§ EXERCISE DATA
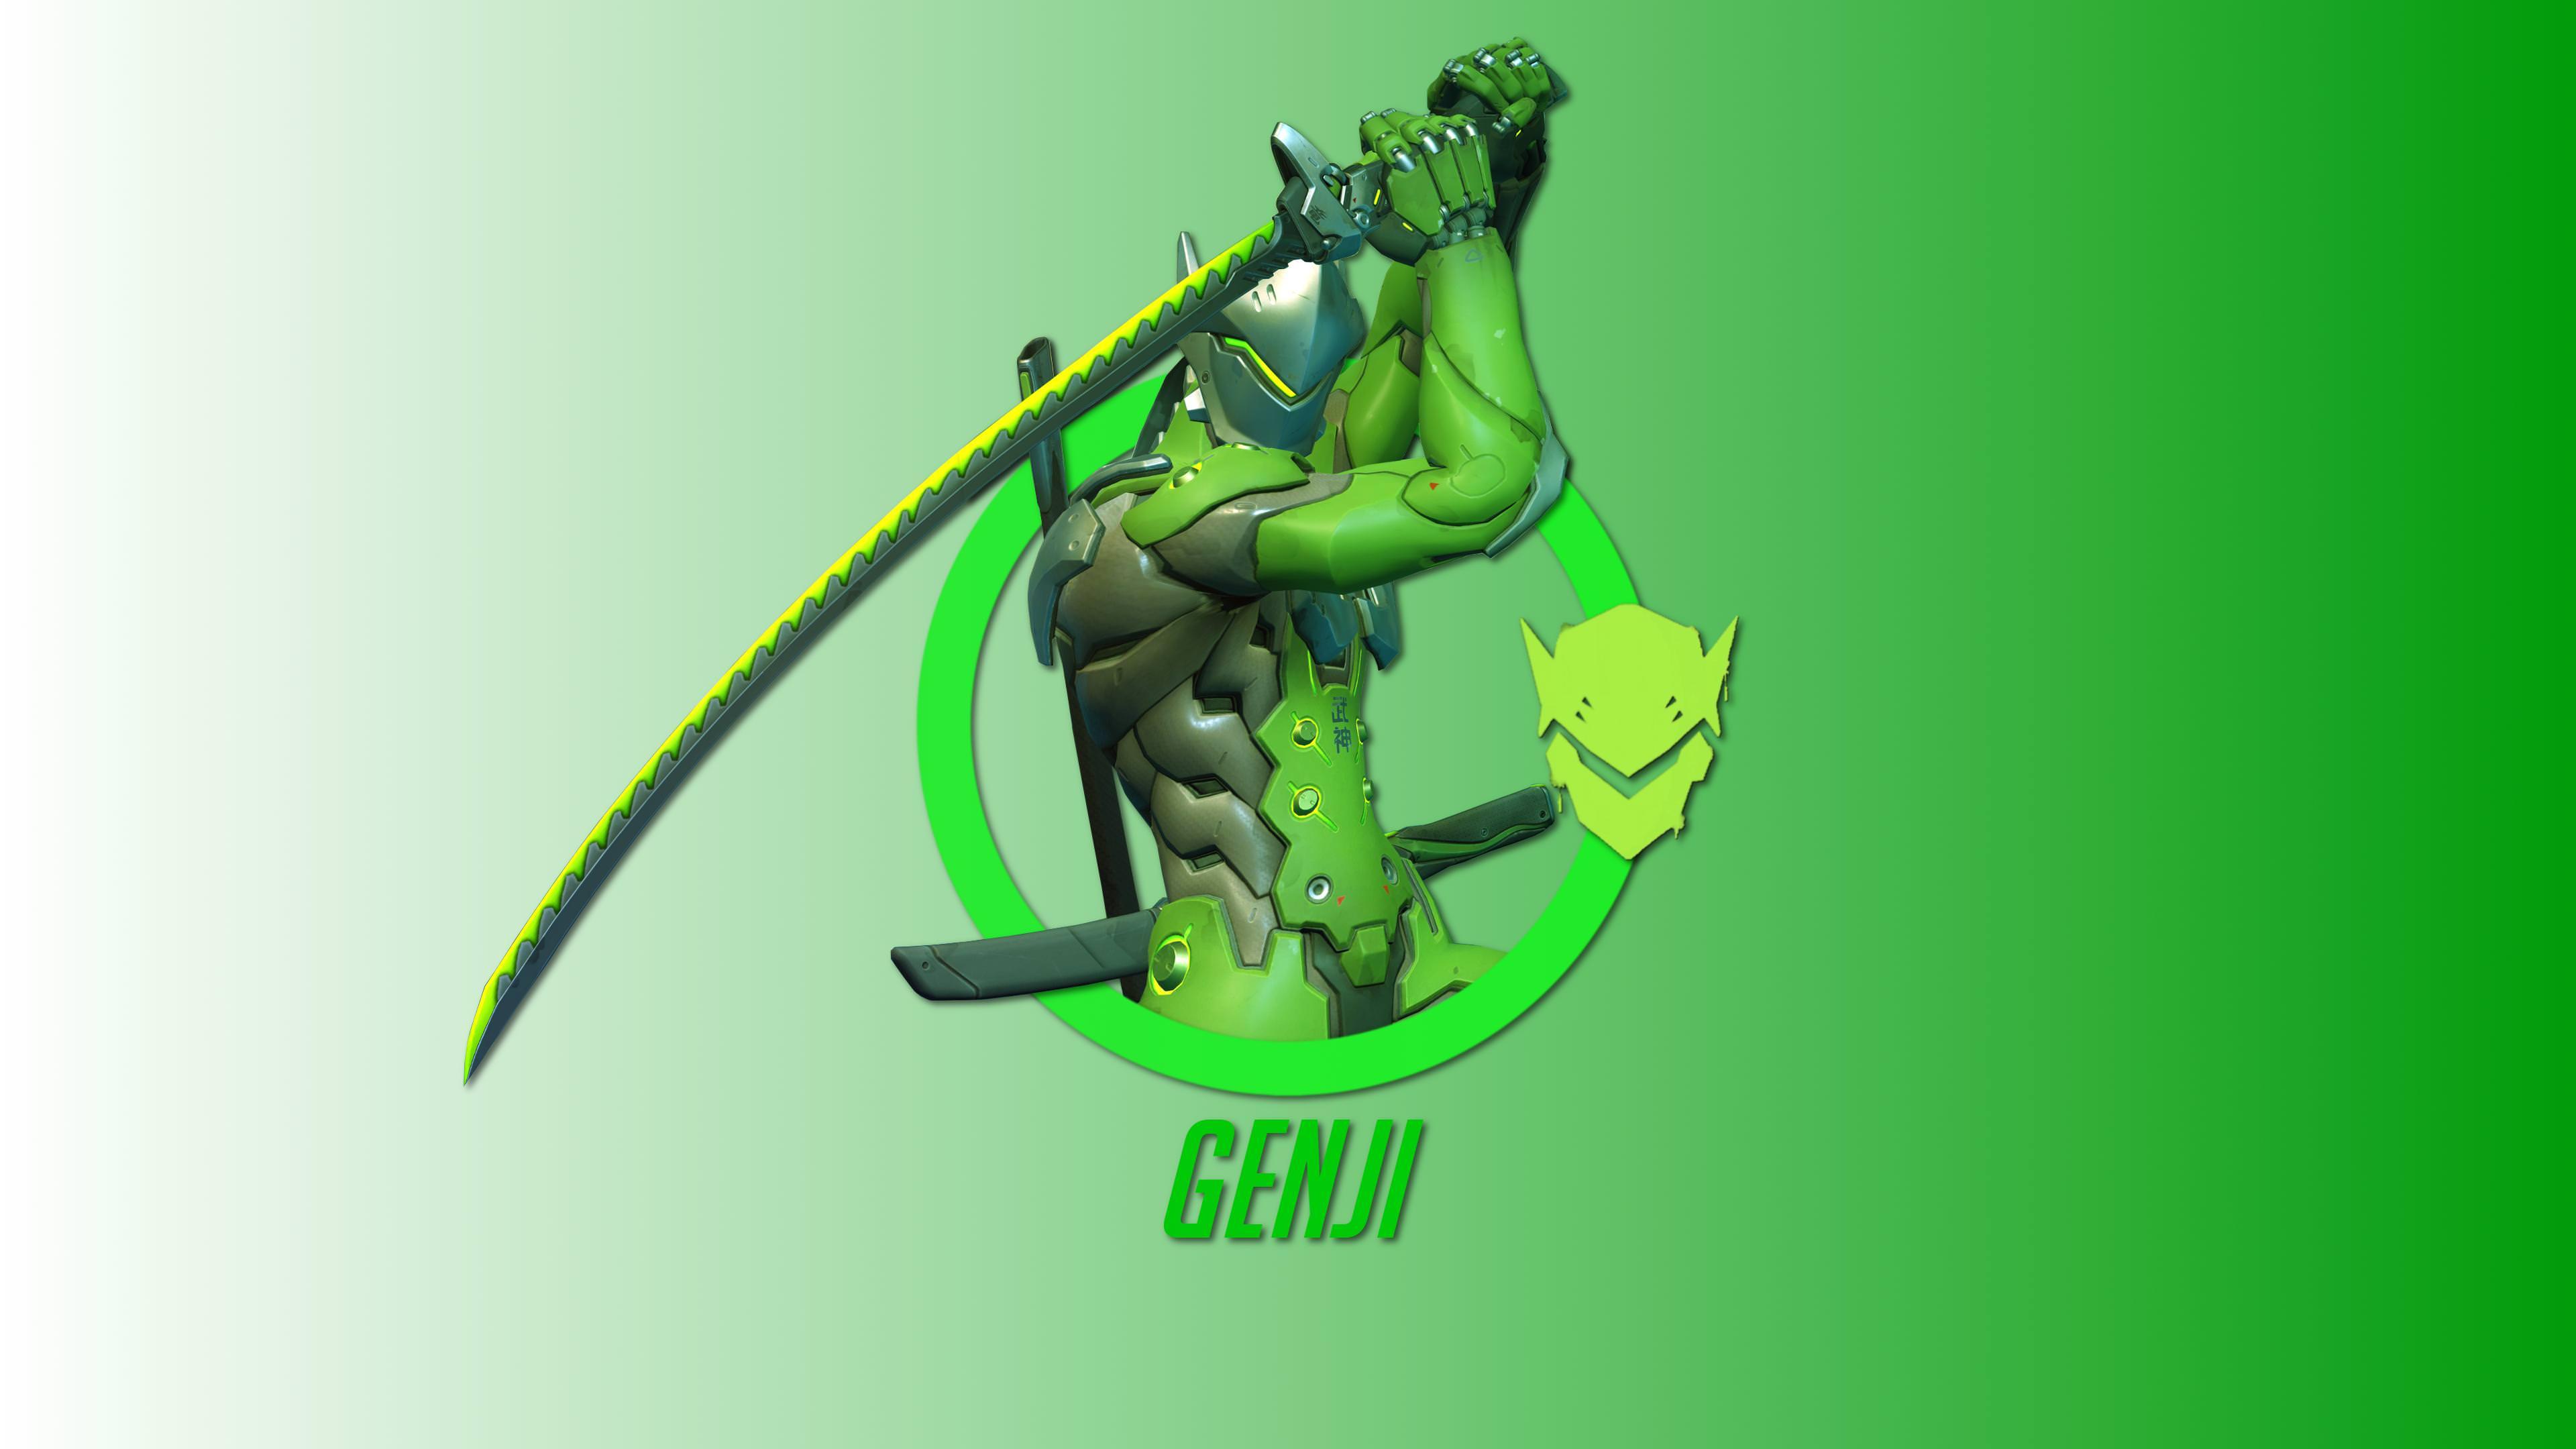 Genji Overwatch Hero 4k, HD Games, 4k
---
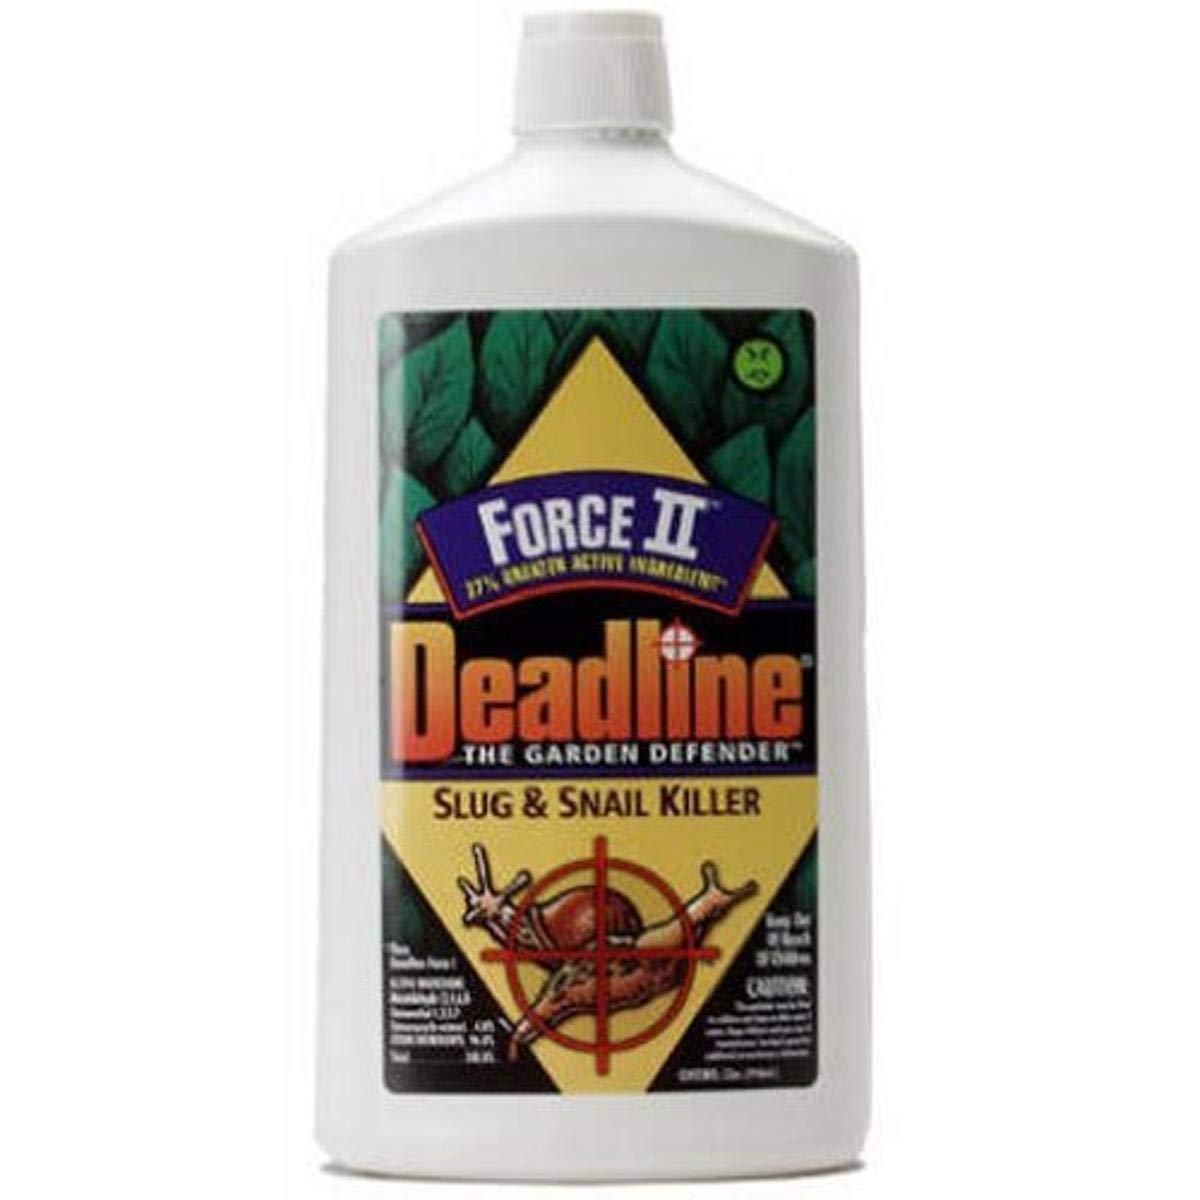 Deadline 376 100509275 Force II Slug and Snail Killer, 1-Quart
---
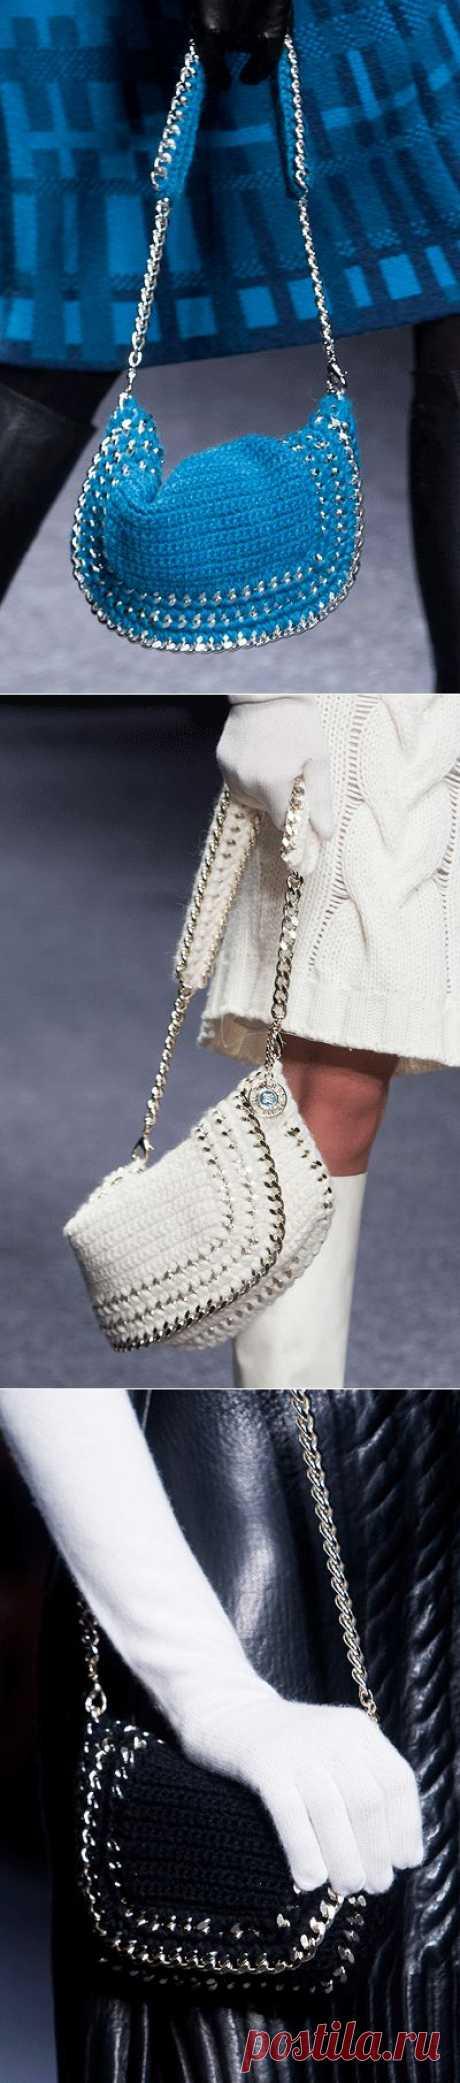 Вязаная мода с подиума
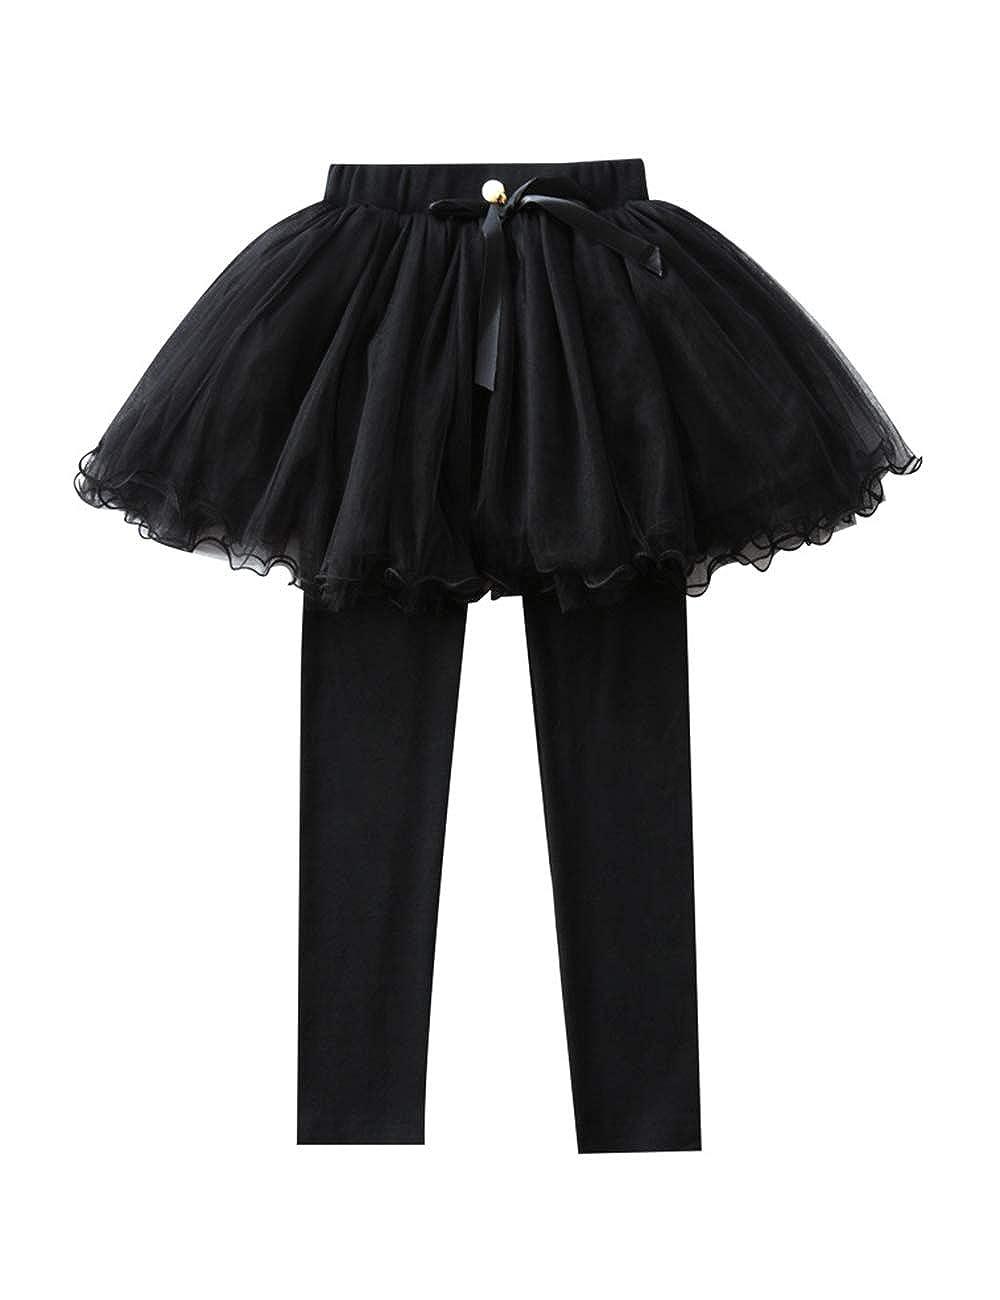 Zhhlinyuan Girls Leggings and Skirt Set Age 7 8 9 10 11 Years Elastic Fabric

§ TASK PROMPT
All pictures are to be skipped. Output, word for word, the lines in the data above starting at the line containing "Вязаная мода с подиума" and ending at the line containing "Zhhlinyuan Girls Leggings".

§ ANSWER TO THIS TASK
 Вязаная мода с подиума
 Zhhlinyuan Girls Leggings and Skirt Set Age 7 8 9 10 11 Years Elastic Fabric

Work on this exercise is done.